Corteccia di cannella
(Corteccia essiccata di specie del genere Cinnamomum, es. Cinnamomum verum, Cinnamomum cassia)


Descrizione

  • La corteccia di cannella è la corteccia interna essiccata di alberi del genere Cinnamomum, utilizzata come spezie e aromatizzante in alimenti dolci e salati.

  • Le principali tipologie commerciali sono:

    • “cannella vera” (C. verum, spesso detta cannella di Ceylon),

    • cassia (C. cassia, C. burmannii, C. loureiroi), che differiscono per intensità aromatica e contenuto di cumarina.

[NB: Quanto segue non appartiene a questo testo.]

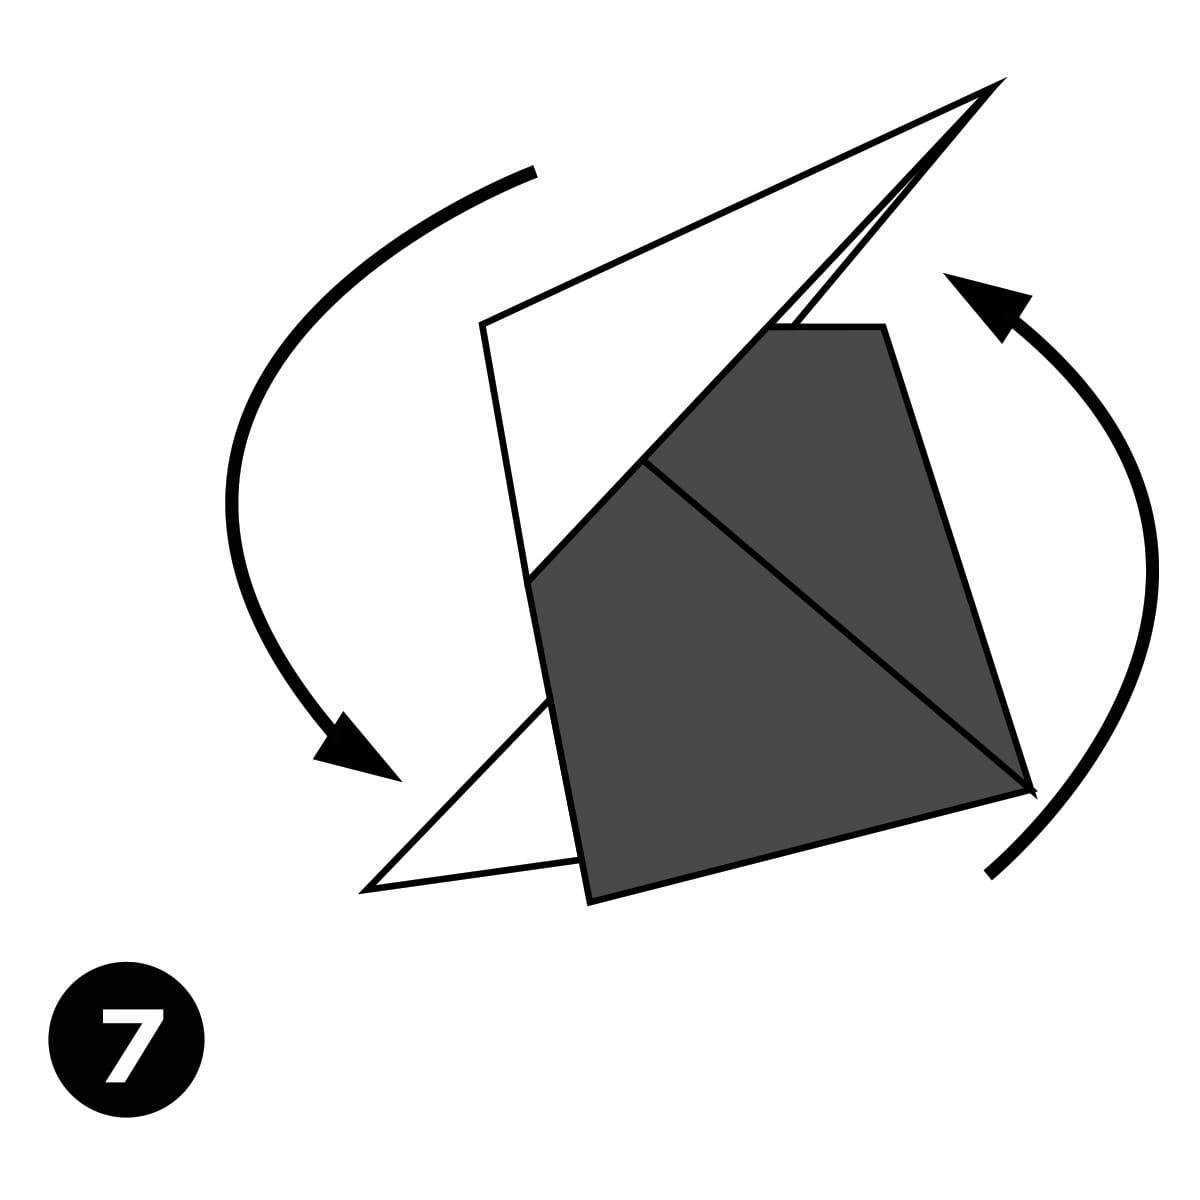 Ostrich Step 7

  • È venduta in forma di stecche (quills), pezzi di corteccia o polvere, utilizzata tal quale o in mix di spezie.

  • Conferisce una nota calda, dolce, aromatica ed è molto usata in pasticceria, panificazione, bevande, confetteria, piatti di carne e salse.

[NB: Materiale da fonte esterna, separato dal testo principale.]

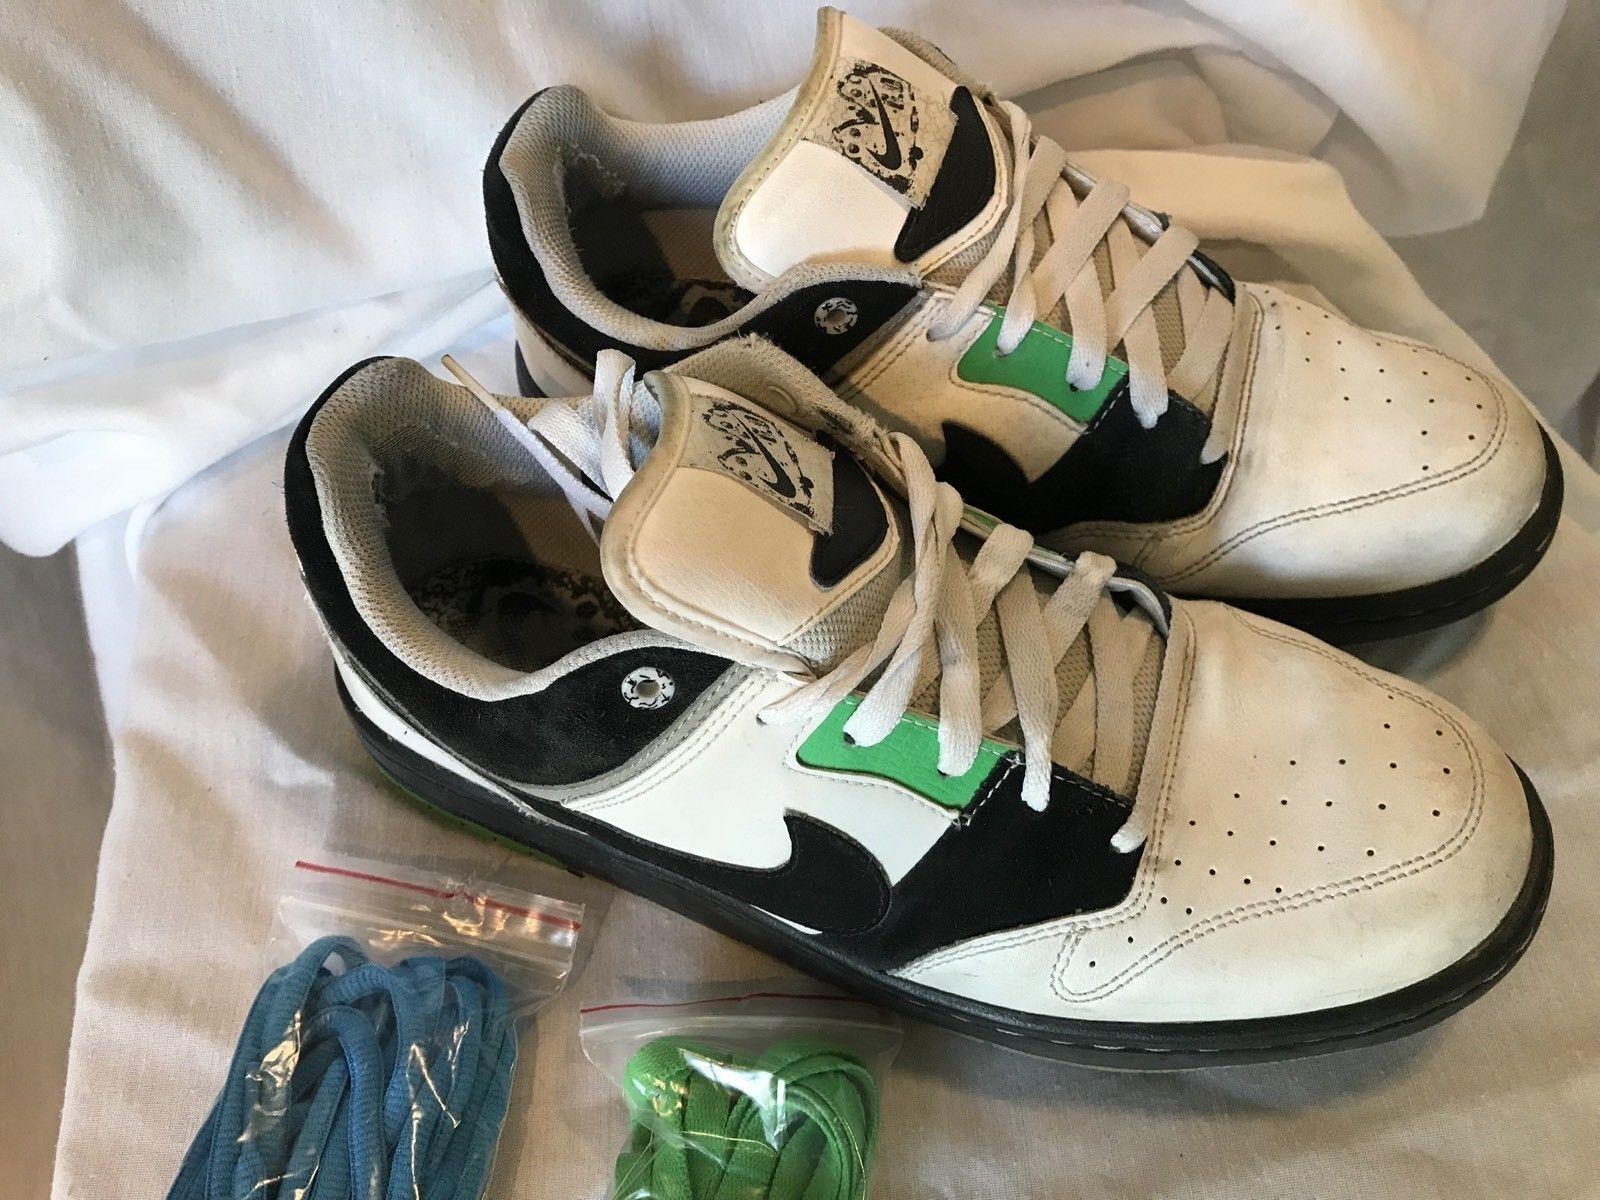 Mens Nike 6.0 tennis box shoes size 11 with box tennis 592995

Valori nutrizionali indicativi per 100 g
(cannella in polvere; valori variabili per specie e origine)

  • Energia: 240–270 kcal

  • Proteine: 3–4 g

  • Carboidrati: 50–60 g

    • zuccheri: 2–3 g

  • Lipidi: 1–4 g

    • SFA (prima occorrenza): frazione minoritaria dei grassi totali

    • MUFA: tracce

    • PUFA: tracce

    • TFA: non significativi

  • Fibre alimentari: 30–50 g (contenuto molto elevato)

  • Minerali: calcio, manganese, ferro, potassio (da tracce a livelli moderati)

Alle normali dosi d’uso (1–5 g per porzione), il contributo nutrizionale è modesto, mentre l’apporto di composti bioattivi (cinnamaldeide, polifenoli) può essere più rilevante.


Principali sostanze contenute

  • Cinnamaldeide (aldeide aromatica principale, responsabile del tipico aroma e sapore).

  • Eugenolo (soprattutto in C. verum, nota tipo chiodi di garofano).

  • Cumarina (elevata in molte cassie, molto più bassa in C. verum).

  • Composti fenolici e tannini condensati (proantocianidine).

  • Frazione di olio essenziale (in genere 1–4%), contenente acetato di cinnamile, derivati dell’acido cinnamico e altri terpenoidi.

  • Fibre alimentari (frazione insolubile e solubile) nella matrice di corteccia.


Processo di produzione

  • Coltivazione e raccolta degli alberi di Cinnamomum in aree tropicali idonee.

  • Scortecciatura dei rami o fusti giovani; lo strato esterno è rimosso, conservando la corteccia interna.

  • Arrotolamento e formatura: le strisce sottili di corteccia interna si arrotolano spontaneamente formando le stecche di cannella, spesso inserite una nell’altra.

  • Essiccazione controllata (al sole o in essiccatoi) per stabilizzare e sviluppare l’aroma.

  • Cernita e classificazione in base a spessore, colore, aroma e qualità visiva.

  • Taglio e macinazione (per pezzi e polvere) a bassa temperatura per preservare gli oli essenziali.

  • Pulizia e setacciatura per rimuovere corpi estranei e uniformare la granulometria.

  • Confezionamento in materiali barriera a umidità e odori.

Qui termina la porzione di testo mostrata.